6.3 People under the age of 24.5
We do not invite people under the age of 24.5 for cervical screening because:
- Cervical cancer is very rare in people under the age of 25
- High -risk human papillomavirus infection (Hrhpv) is very common in people under the age of 25 and can cause abnormal changes to collar cells (for most people, these cervical anomalies will regress as the immune system erases the HPV infection)
- An abnormal screening result and treatment of cervical anomalies can cause anxiety to many people
- The International Agency for Research on Cancer (Ciri) recommends that people do not start cervical screening before the age of 25
- In 2012, the UK NSC advised the NHSCSP This screening under 25 does more harm than good and has recommended a coherent age of screening throughout the United Kingdom (from June 2016, the 4 nations are from 25 years old)
- The number of young people diagnosed with cervical cancer is likely to reduce the NHS HPV Vaccination program introduced in 2008
6.4 People over 64
We do not invite people over 64 for cervical screening because:
- The natural history and the progression of cervical cancer of the uterus means that it is very unlikely that these people continue to develop the disease; People aged 65 and over who have suffered 3 consecutive negative tests are removed from the call and recall system
- People aged 65 and over who have never been detected or have an incomplete screening file are entitled to a test if it requires one
6.5 People who are not sexually active
THE NHSCSP Invites all eligible people aged 24.5 and 64 for cervical screening. If a person has never had sexual contact with a man or a woman, research shows that their chances of developing cervical cancer are very low. It is no “risk”, only a very low risk. In these circumstances, an individual could choose to refuse his invitation to cervical screening.
The term “sexual contact” includes:
- Vaginal, oral or anal sex
- Any skin to skin contact that includes the genital area
- Share sex toys
If a person is not currently sexually active but has had sexual partners in the past, we recommend continuing to attend the selection.

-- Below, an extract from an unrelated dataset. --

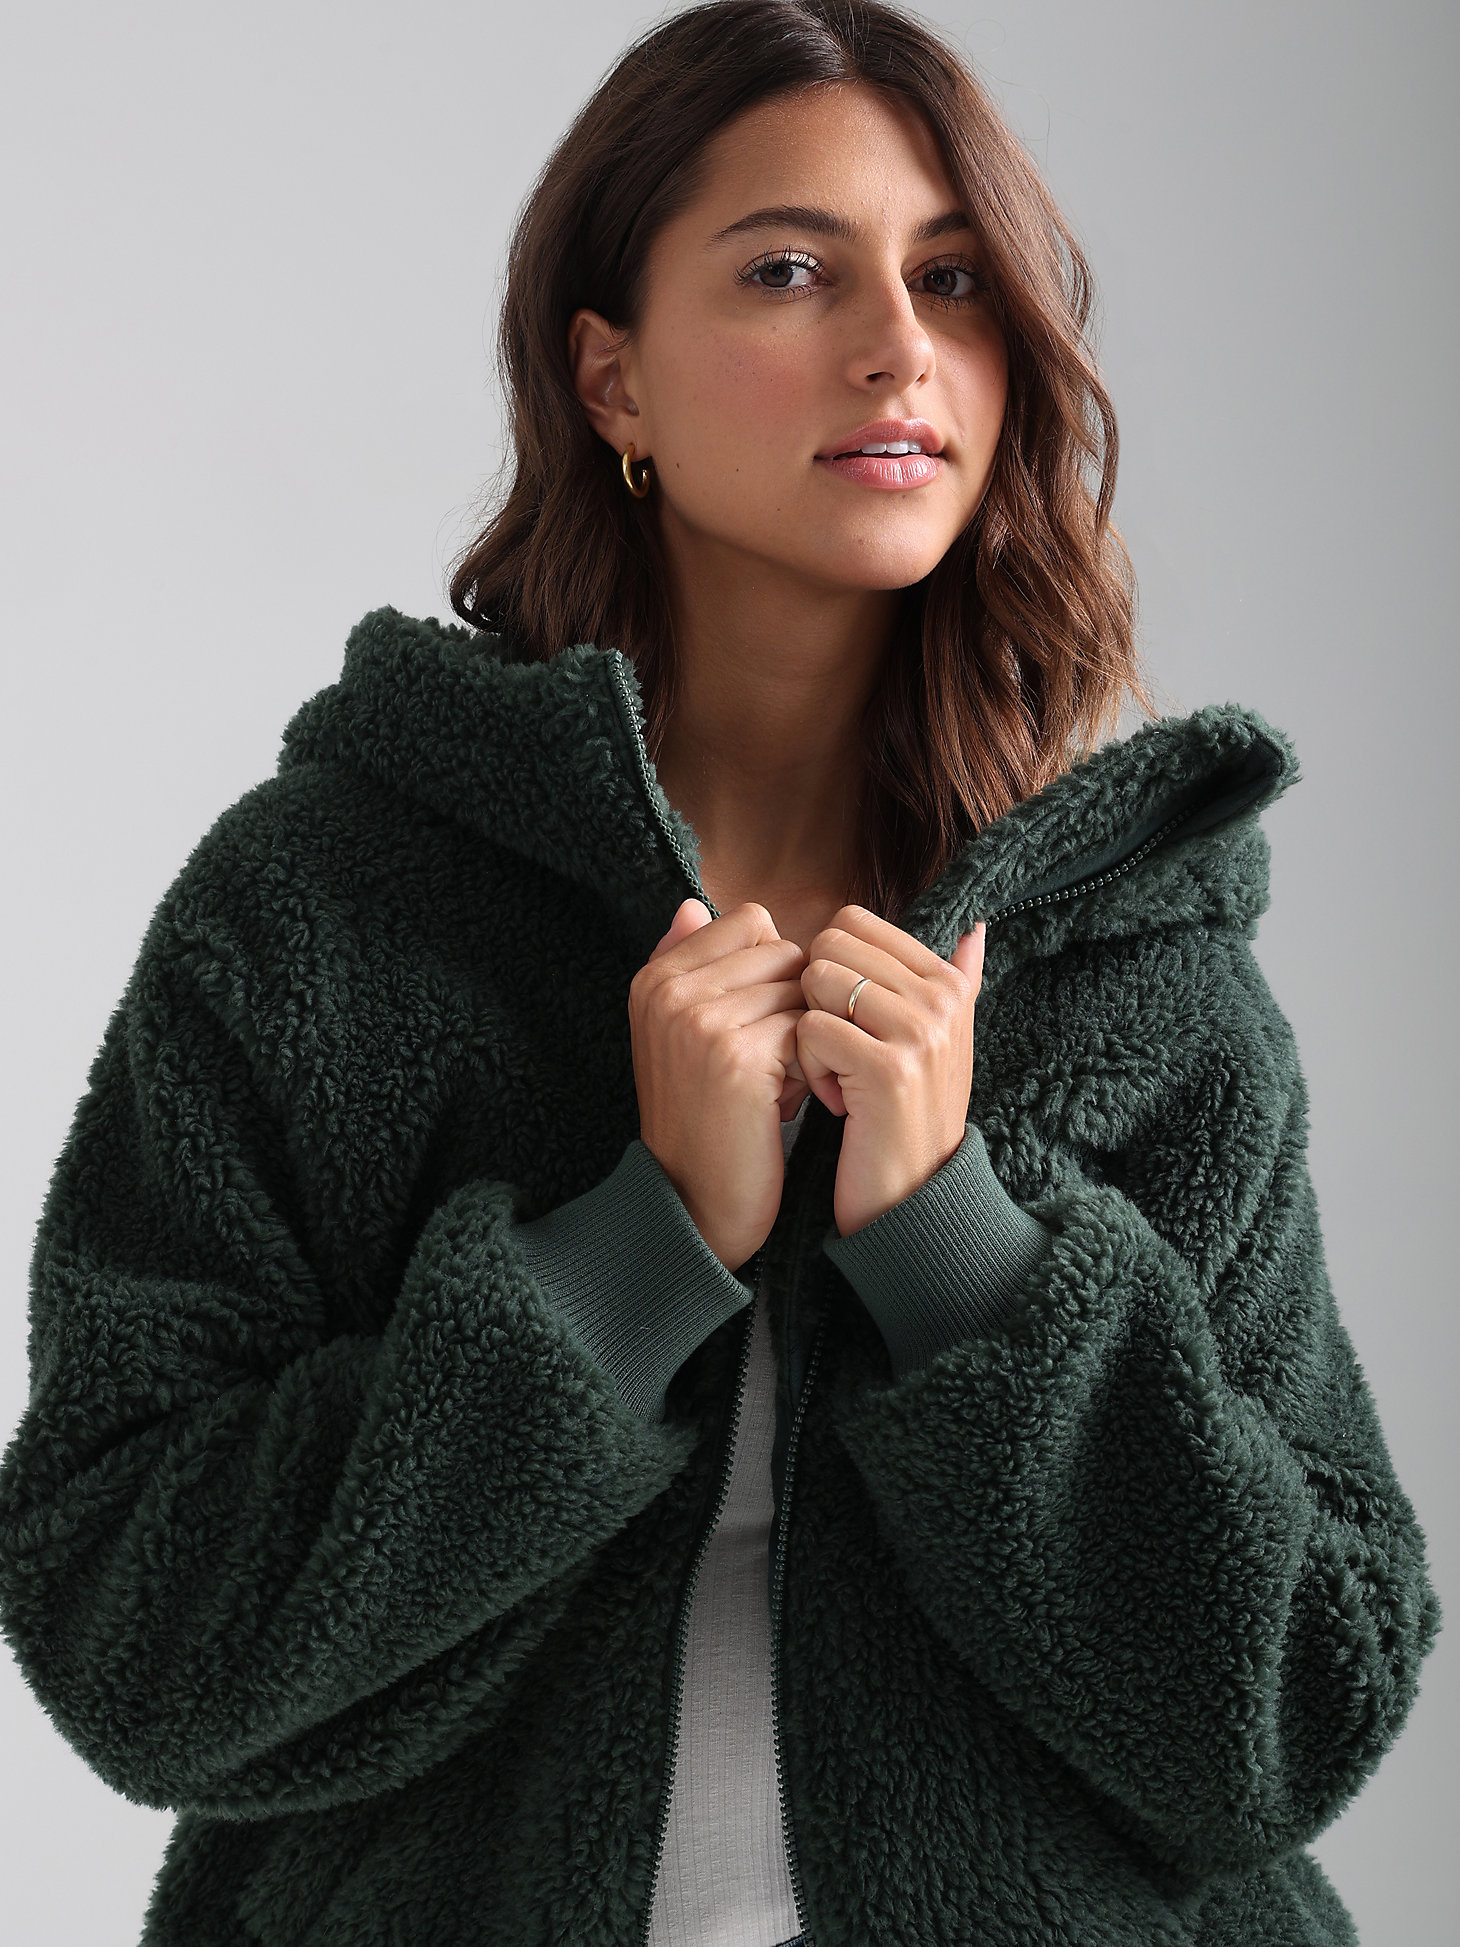 Women's Hooded Sherpa Jacket in Sycamore Green alternative view 1

7 People under the age of 24 with abnormal vaginal bleeding
Guidance of the Ministry of Health and Social Coins (DHSC) on Management of women below the age of screening that has symptoms of cervical cancer declares that people with vaginal bleeding after sex and or between periods require a pelvic examination.

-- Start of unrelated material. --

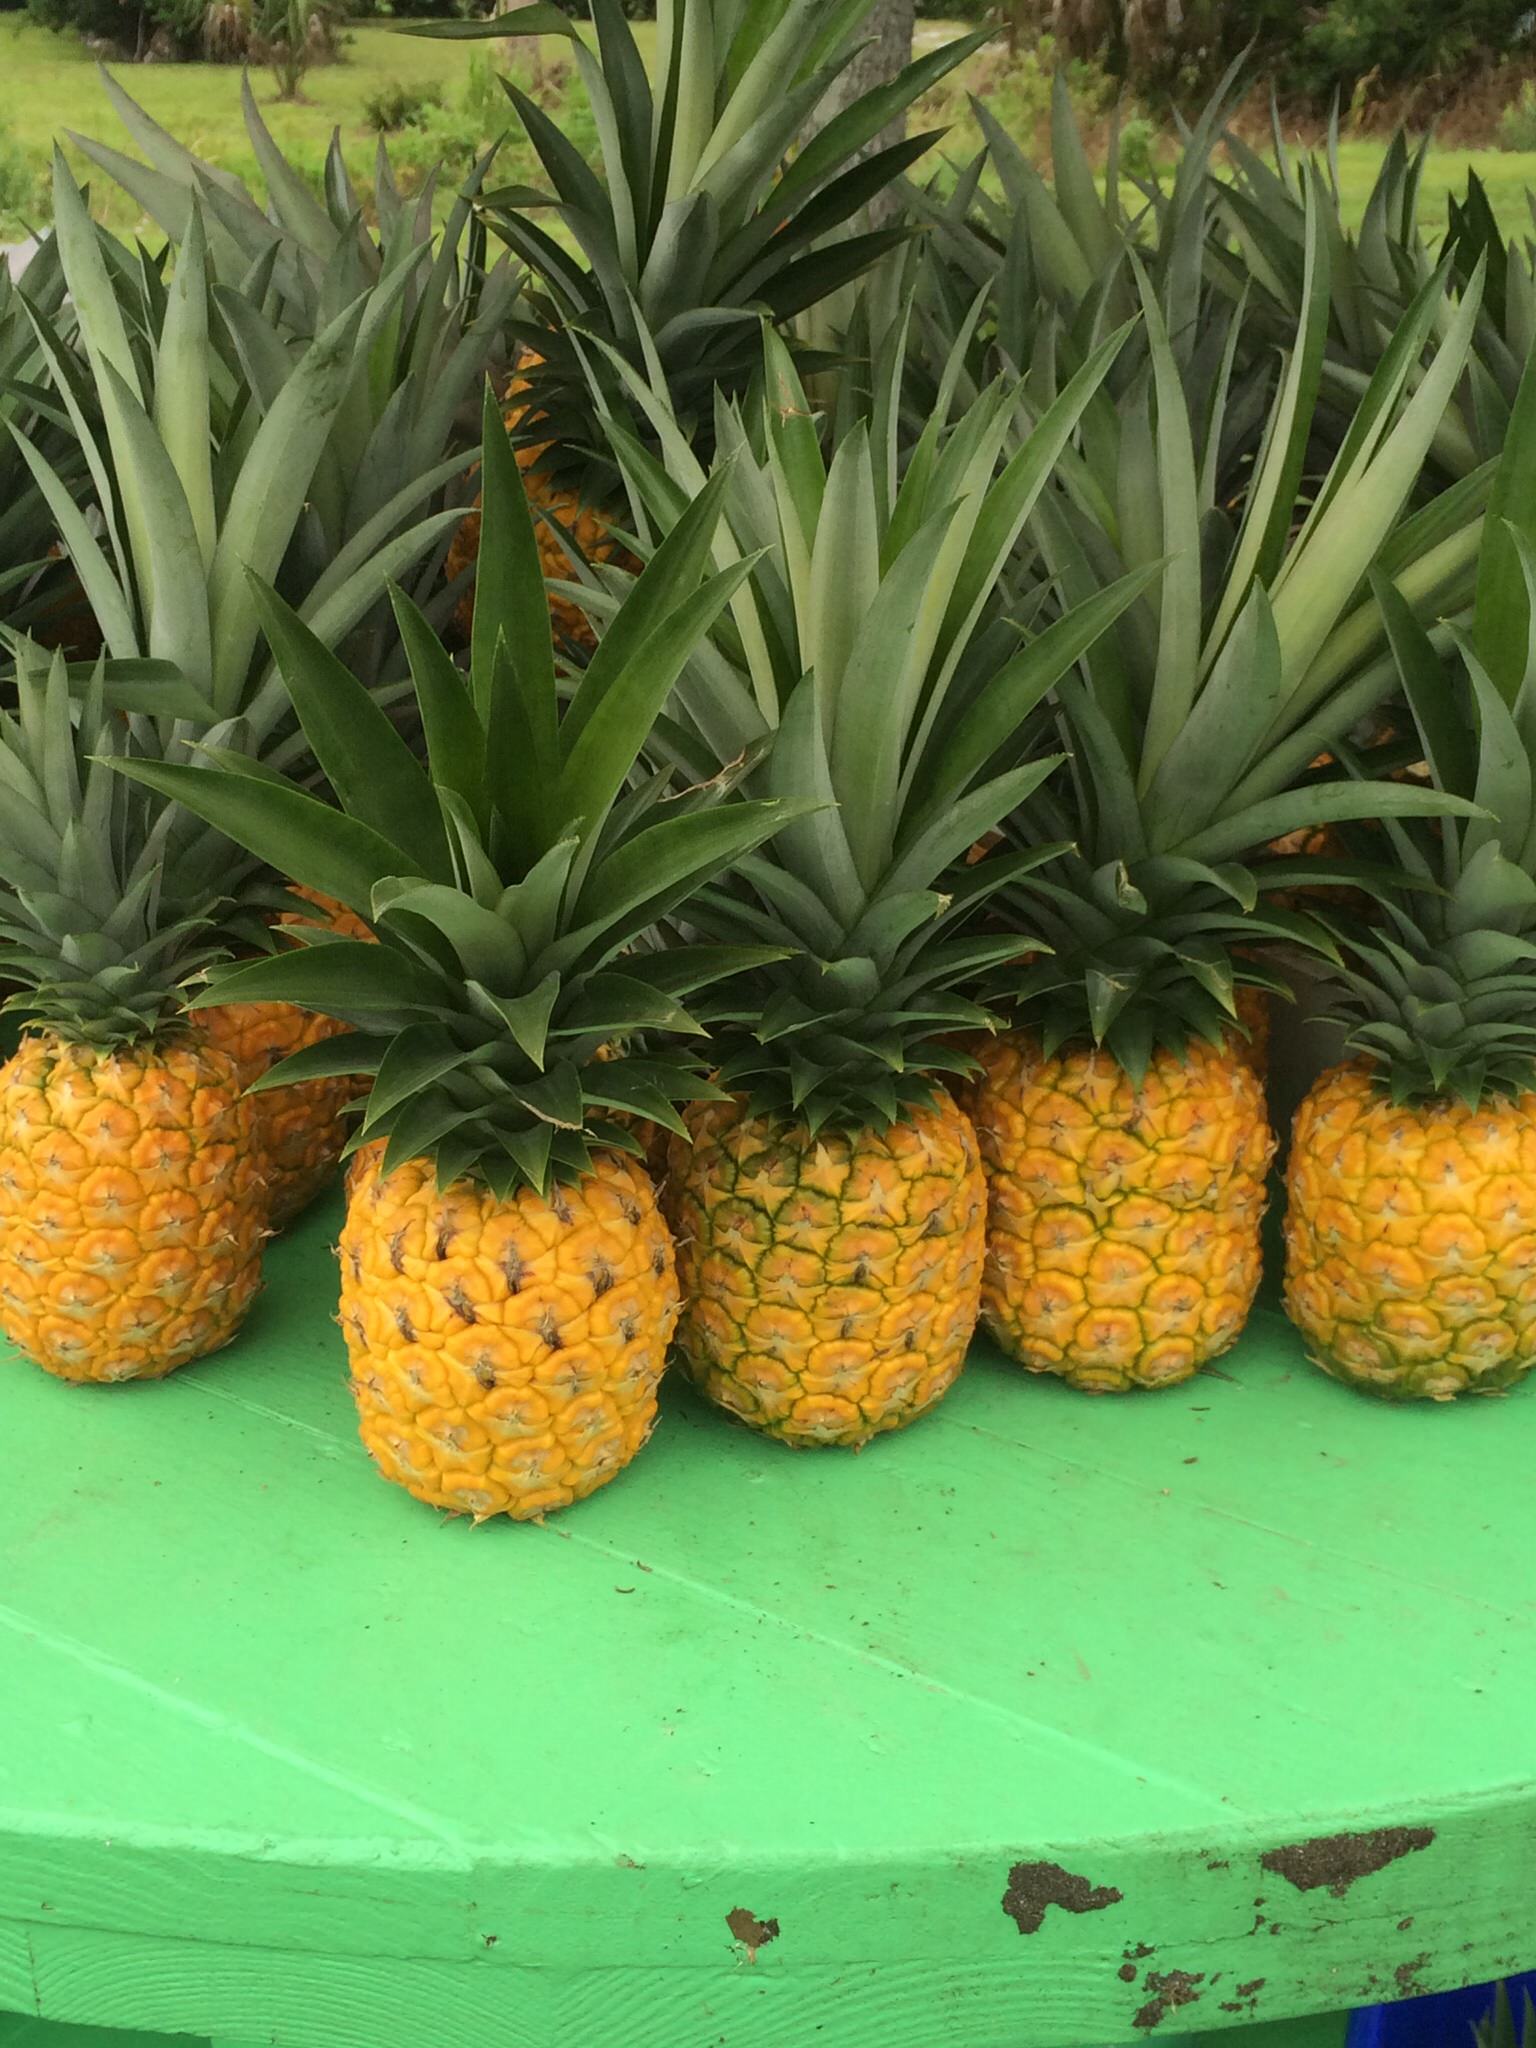 Local Pineapples

A qualified nurse, a registered doctor can perform a speculum exam. A trained GP can perform a pelvic exam.
Vaginal bleeding is extremely common and can have a range of causes, including normal conditions such as:
- Cervical Ectropion
- Hormonal changes due to the contraceptive pill
- Mild cervical polyps
- Sexually transmitted infections such as chlamydia
THE DHSC advice Explain the types of questions whose examples of takers should ask people to determine whether their symptoms are linked to cervical cancer.

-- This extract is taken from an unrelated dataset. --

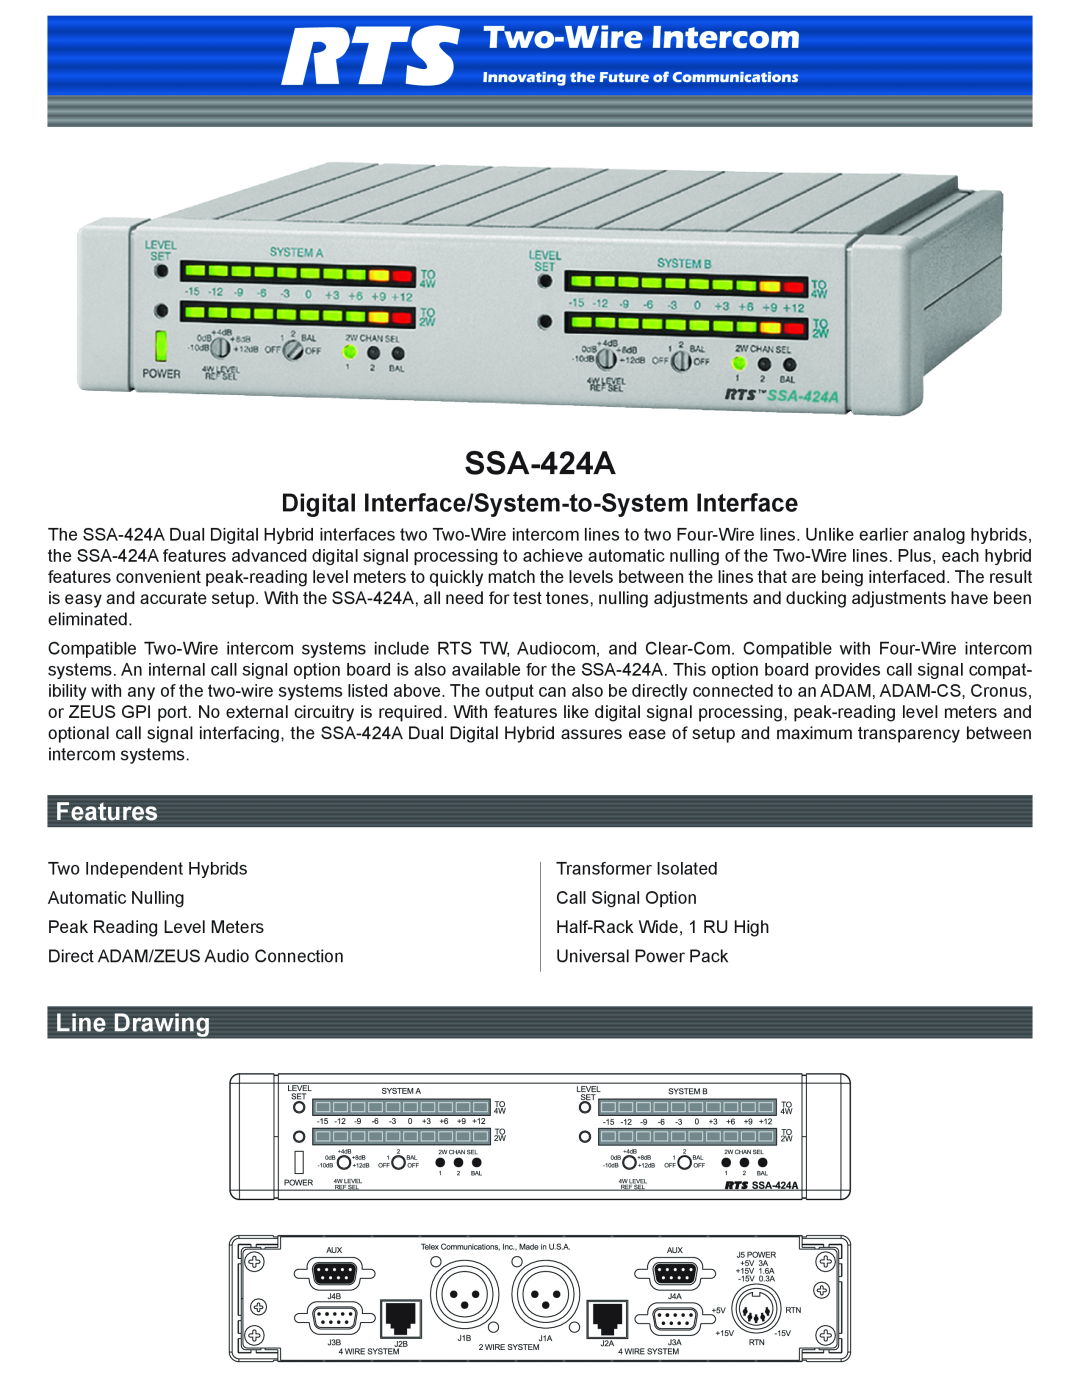 RTS SSA-424A manual Digital Interface/System-to-System Interface, Features, Line Drawing

8 Non NHS cervical screening tests
People with a private sample are eligible for screening in the NHS at the standard intervals. As the NHS cannot guarantee private quality tests, the results of non -NHS tests are not recorded in the NHS screening file of a person.
9. Unforeseen cervical screening tests
Do not perform additional tests if a person is in the screening age group and has undergone a test in the previous routine screening interval (3 to 5 years).
Additional tests should not be carried out for someone because they:
- attend advice or contraceptive services
- attend advice on replacement hormone therapy
- are pregnant or attend postnatal services
- have genital warts
- have a vaginal outing
- have an infection
- had several sexual partners
- are heavy cigarette smokers
- have family history of cervical cancer
The laboratory will not accept unforeseen samples and will reject the test in accordance with the National guidance on the acceptance of samples. The lessee sample must explore the reason (s) for the person requesting screening and, if necessary, examine and refer accordingly.